Word for word, print each line of the listing below; pictures stay out.

*** Opening Dataset extract ***

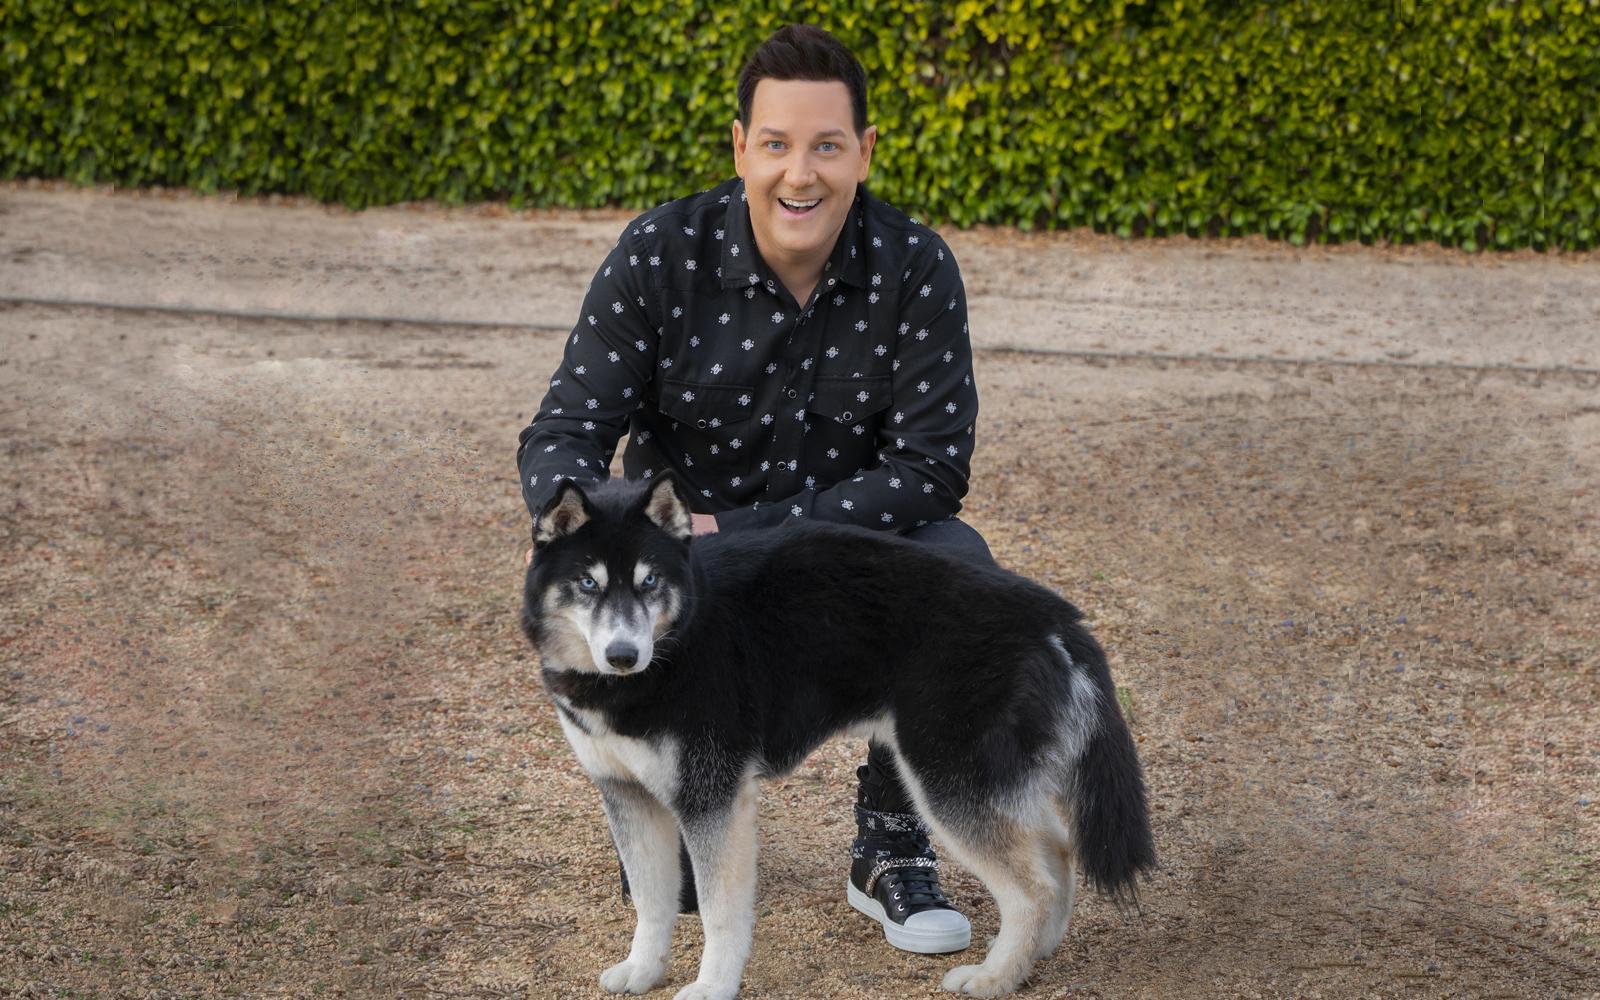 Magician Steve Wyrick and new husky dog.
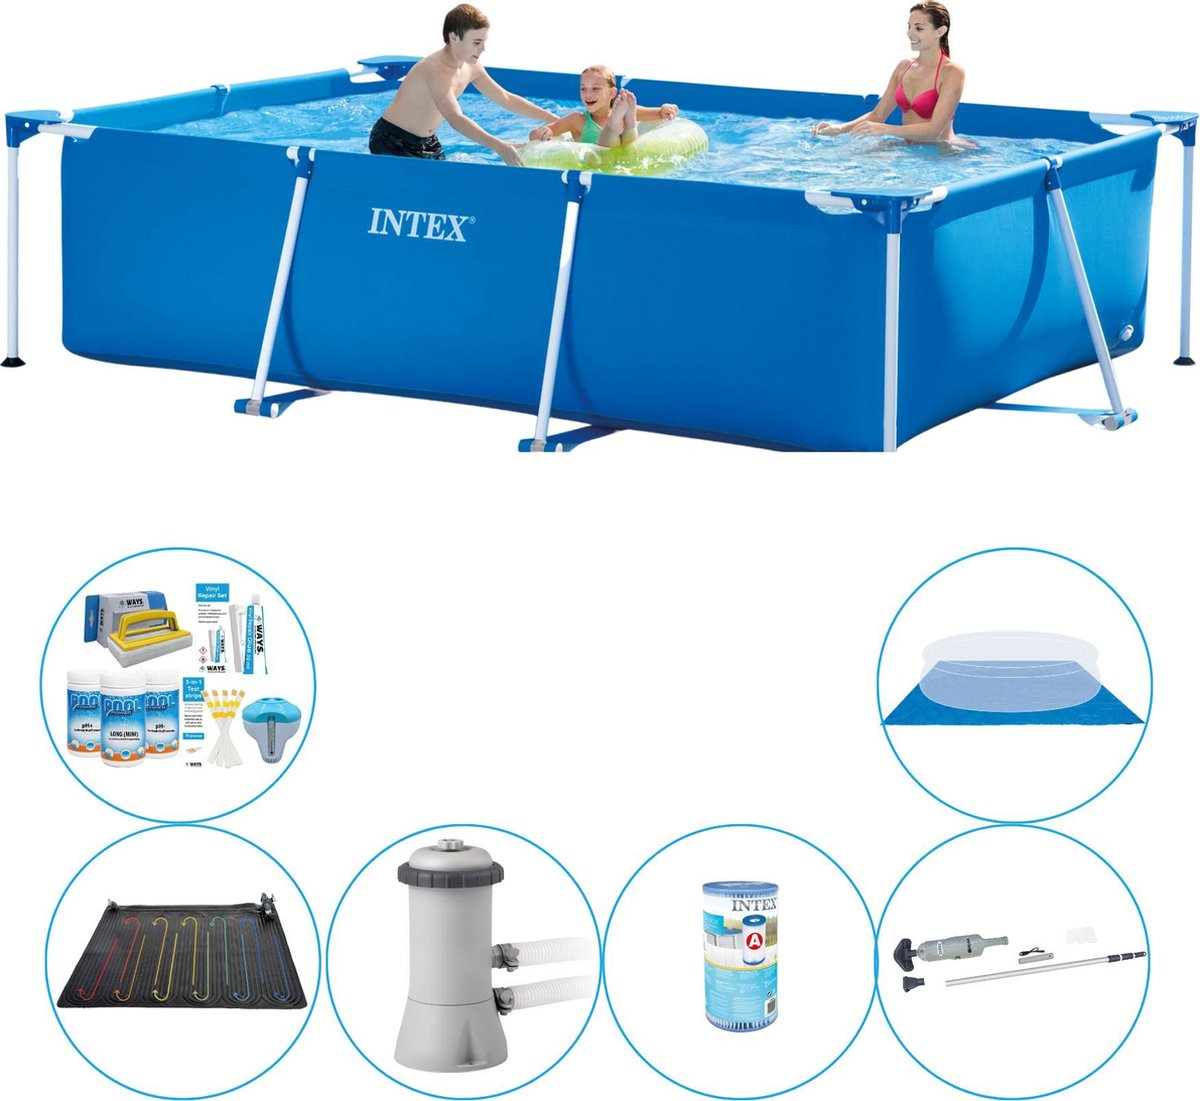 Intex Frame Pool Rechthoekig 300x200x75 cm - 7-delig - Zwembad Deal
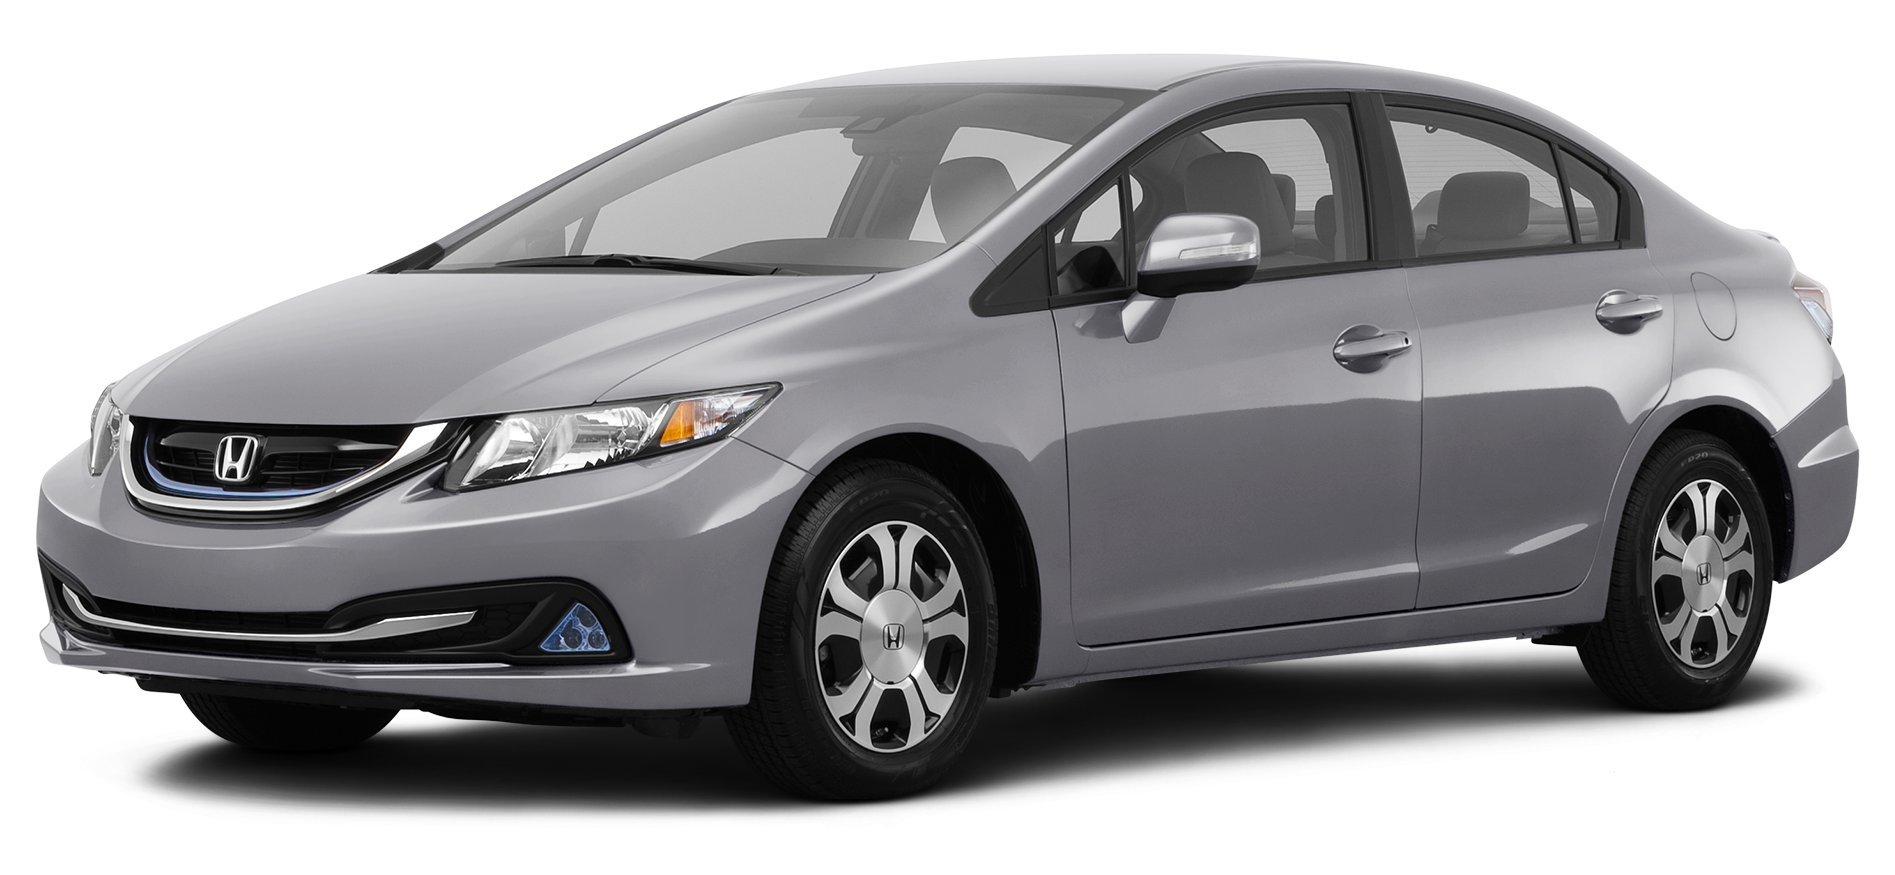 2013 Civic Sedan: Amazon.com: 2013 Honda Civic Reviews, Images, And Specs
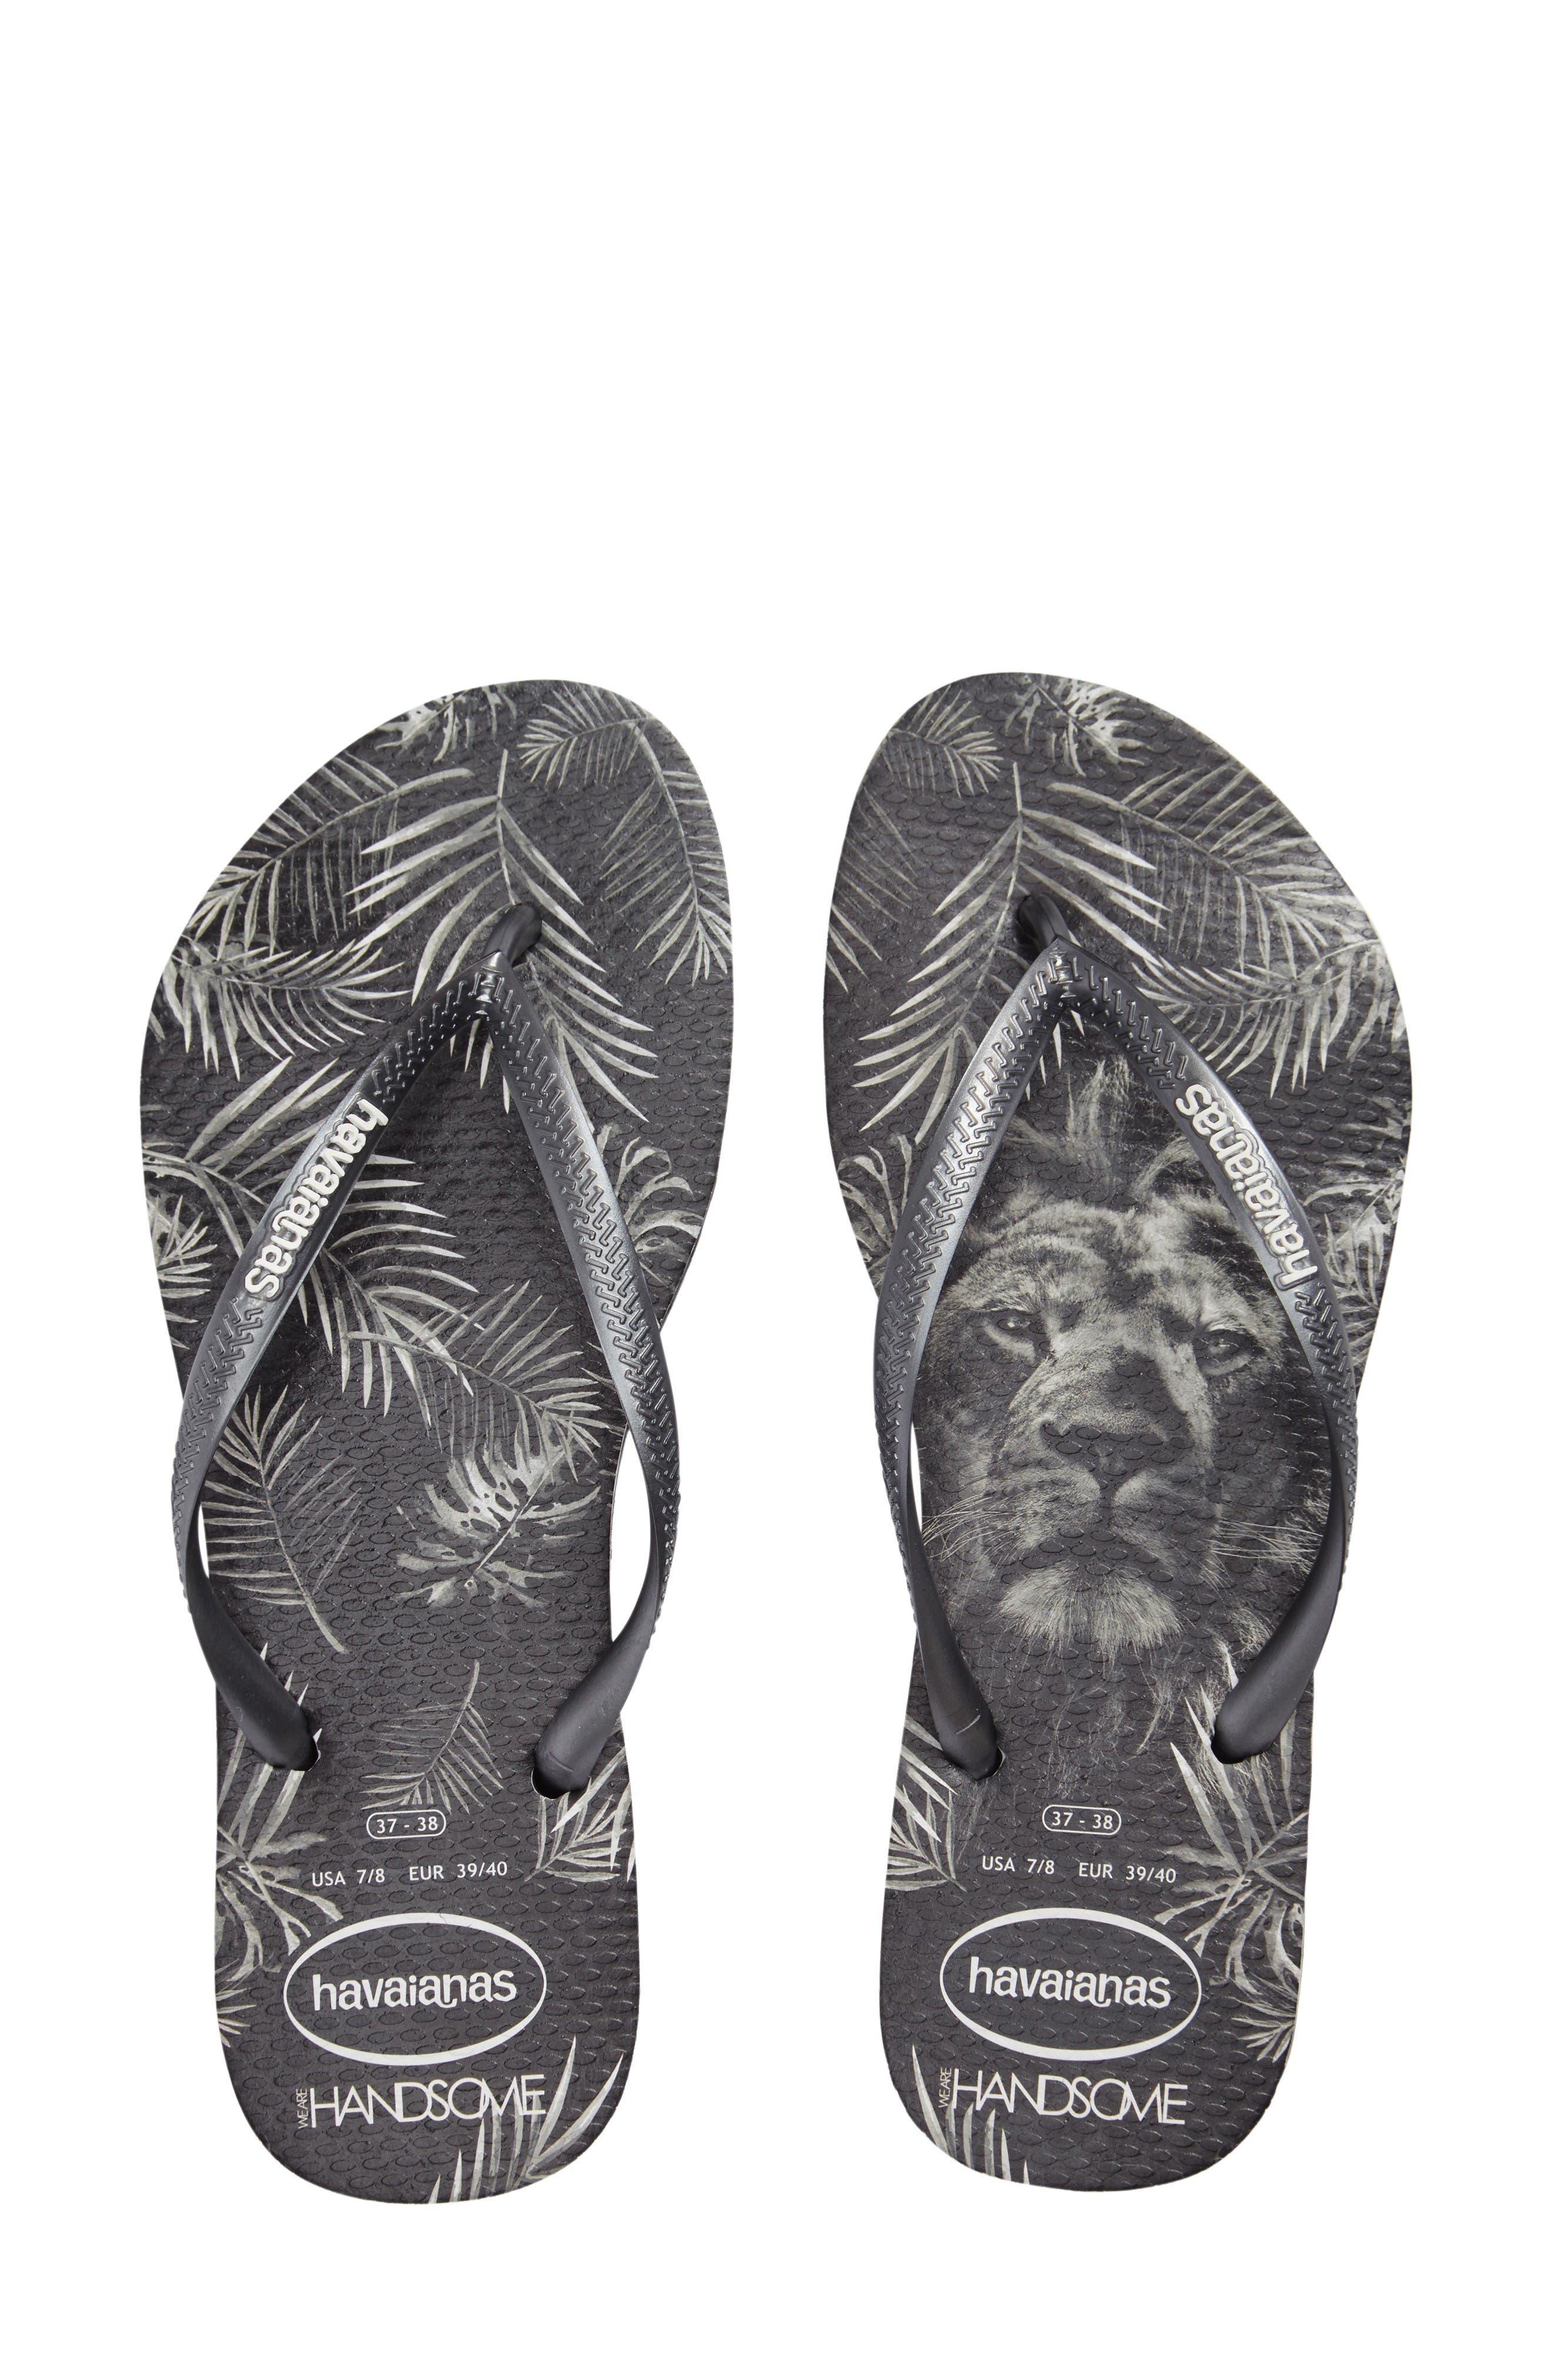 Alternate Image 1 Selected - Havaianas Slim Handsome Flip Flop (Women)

*** Closing Dataset extract ***

### Output for this exercise
 Magician Steve Wyrick and new husky dog.
 Intex Frame Pool Rechthoekig 300x200x75 cm - 7-delig - Zwembad Deal
 2013 Civic Sedan: Amazon.com: 2013 Honda Civic Reviews, Images, And Specs
 Alternate Image 1 Selected - Havaianas Slim Handsome Flip Flop (Women)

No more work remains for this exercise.